It is, indeed. Mladin isn't the only staff member of the Three Black Catz who I view more as a friend than employee at a place where I'm staying. Dragana, who is a Balkan woman through and through, is the longest-running worker at my buddy Mladin's apartment. She, too, is my friend ... even if I do piss her off from time to time with inappropriate jokes.

I don't know when I'll leave the Three Black Catz, but when I finally do, I can guarantee one thing: It will be the first time I will give the owner of a hostel a hug goodbye.

Fun, fun, fun, indeed.  Posted by Picasa

Thursday, November 09, 2006

Walking through the Baščaršija a few weeks ago in Sarajevo, Eirik, my Norwegian friend who works in his country's Bosnian embassy, lent a word to the unwise for use during my time in the predominately Muslim city: Never, under any circumstances, was I to hold up my thumb, pointer finger and middle finger in public.

If I happened to be ordering tri piva in a bar, I was to do it the way I was taught as a pre-K'er at Bee Hive, and hold up my pointer, middle and ring.

"But I can't do that," I said, awkwardly maneuvering my not-opposable-enough thumb to try and pin down my pinkie, which has always been amazingly hard for me. "Why is it so important?"

Eirik looked around, and discreetly flashed what not to do. "This is the Serbian nationalist symbol," he explained. "Just don't do it."

I didn't ask why, and for the rest of my time in Muslim Bosnia-Hercegovina, made sure to pin down my pinkie with my thumb when ordering three Bud Dry's.

It was only once I made it back into Republika Srpska, in the capital town of Banja Luka, that I began to see evidence of what Eirik was talking about.


A БИX ШTA JE TO?? At the time, I couldn't read any Cyrillic letters whatsoever, but I immediately recognized the symbol below the sentence -- it was what Eirik had flashed discreetly that night in Sarajevo. It was the Serbian nationalist symbol.

And right next to it,


any ambiguity as to what the artists were trying to convey was cleared up.

A БИX ШTA JE TO?? Roughly translated, it means "And Bosnia-Hercegovina, What Is It??"

To the "Patriot Boys" from Banja Luka, the answer is simple: Bosnia-Hercegovina is Serbia. And if you're proud of Serbia, you show it with three simple fingers -- the thumb, the pointer and the middle.

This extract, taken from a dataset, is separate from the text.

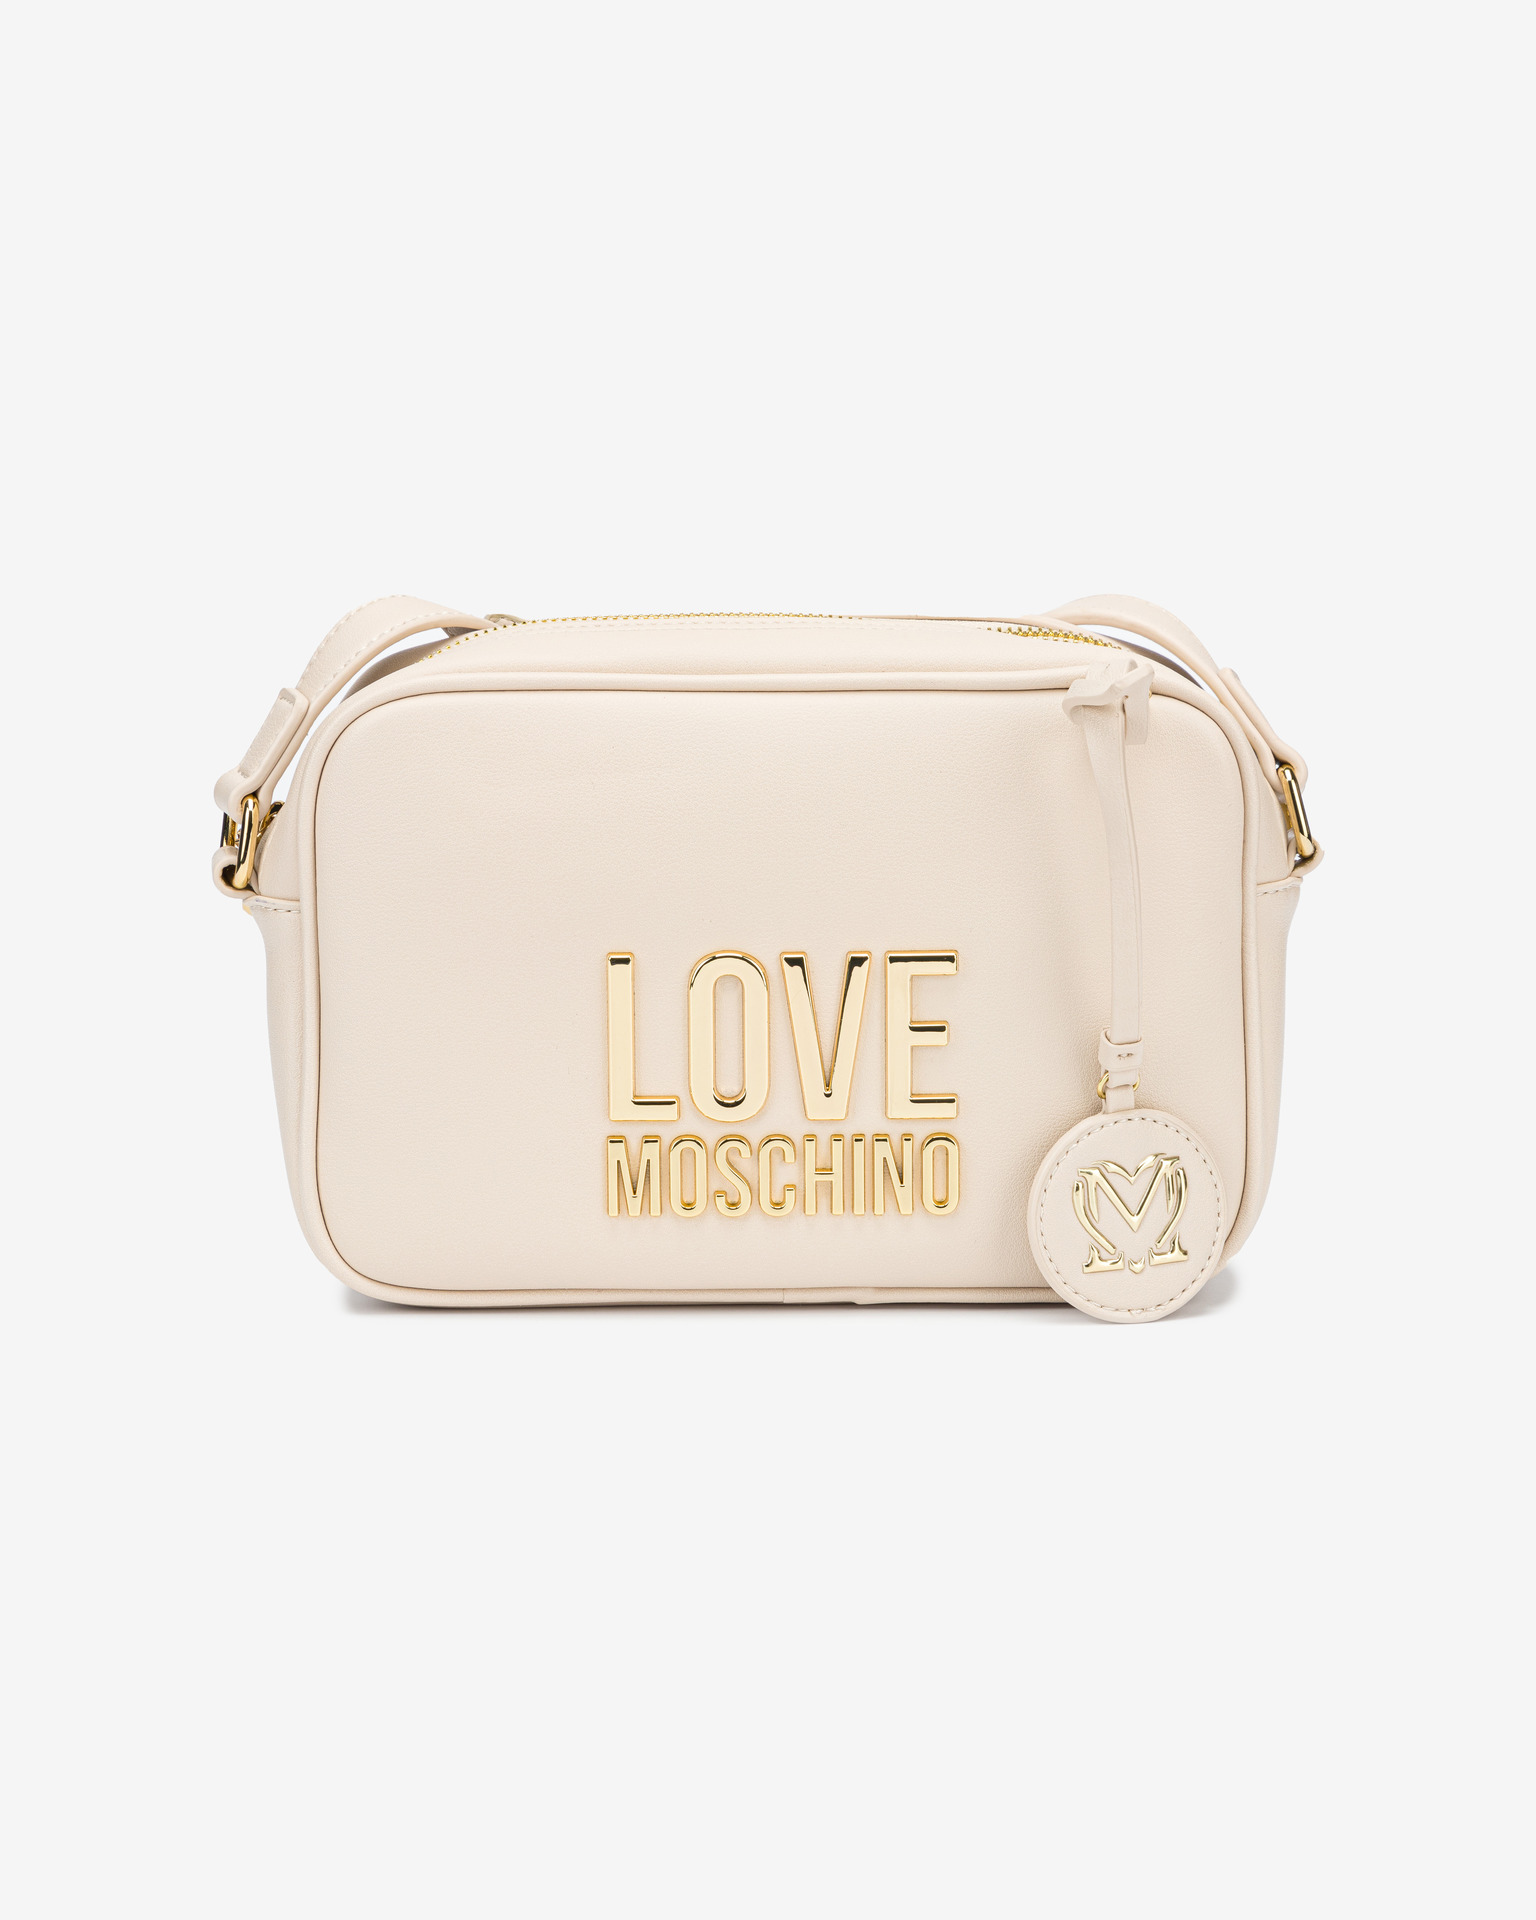 Love Moschino fehér crossbody kézitáska

Serbs from Republika Srpska bear some resemblance to Israelis who, until August 2004, settled in the Gaza Strip, and to this day, reside in the West Bank. The analogy is imperfect; not all Jewish settlers living beyond the 1967 borders are extremists, and the same goes for many Serbs living in RS. But the similarity lies in the cornered-animal theory: When you identify yourself with a certain group -- whether it be ethnic Serbs living in Serbia proper or Israeli Jews living within its internationally-recognized borders -- and live in separation from your brethren, you will feel like a cornered animal. You will react as if your survival is being threatened. You will hold up your thumb, pointer and middle fingers -- not the peace sign.

The "Patriot Boys" in Banja Luka feel like those Jews who used to live in trailers in Gaza; they feel like they have to puff out their chests and assert their Serbness.

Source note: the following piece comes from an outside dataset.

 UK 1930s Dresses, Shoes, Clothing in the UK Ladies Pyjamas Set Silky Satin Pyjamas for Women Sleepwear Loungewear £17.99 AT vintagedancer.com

Just like the West Bankers who, in 2004, came in droves to protest withdrawal from the Mediterranean sandbox given to their people by God Himself, so, too, do the Patriot Boys view БИX as their rightful land. Gaza is Israel; BiH is Serbia. In their interpretation of history, the facts are indisputable. There will be no debate. It's as simple as that.

But ask a Tel Aviv surfer how he feels about his "brethren" living in the settlements, or a Belgrade intellectual how he feels about Ratko Mladić, and you'll get the same reaction: A shaking head. A look of embarassment. A wish you hadn't asked that question.

In Belgrade, most people that I have met seek to disassociate themselves from the extremism that is uber-prevalent in Republika Srpska. They have no interest in "Greater Serbia;" they have an interest only in peace.

"I hope that we will be reaching a time of relax," Zivko, a Serbian from the town of Nova Varoš, said to me the other night at a bar called Idiott. "I am tired of all this politics. I am tired. I am looking to the future, and I hope that it will be a time where there are no more of these problems," he said, staring straight ahead with a far-off look in his eyes. "I do not need 'Greater Serbia,' whatever that is. You want to know what I need? I need a nice woman, a house on the Mediterranean and a dog. And I invite you, I invite my other friends to come there, and we just relax, go fishing." Zivko took another drag of his cigarette as he burrowed his eyebrows. This was his dream; it had nothing to do with righting historical wrongs in Bosnia-Hercegovina, or in the Krajina region of Croatia, or in breakway Montenegro.

It had to do with finding a nice woman and a dog -- which is all that I want as well.

A song by the mid-90's band Porno for Pyros was playing in the background as Zivko told me what it was that he wanted. I found the lyrics to be foreboding of what may actually unfold in the near future, as tensions in the Balkans continue to simmer beneath a surface of stability: We'll make regrets, we'll make regrets!...

I looked at Zivko's profile, and I couldn't guarantee that Serbia was yet in the clear from the troubles that plagued it and its neighboring countries throughout the 1990's. They made regrets then, and may do the same again soon. It is a beautiful day today in Belgrade: Blue skies, just the right temperature, a stream of sunlight pouring in from the kitchen window, which make it hard to sit inside and type. But storm clouds are in sight. They are out there, on the horizon, hovering above the converging Sava and Danube Rivers.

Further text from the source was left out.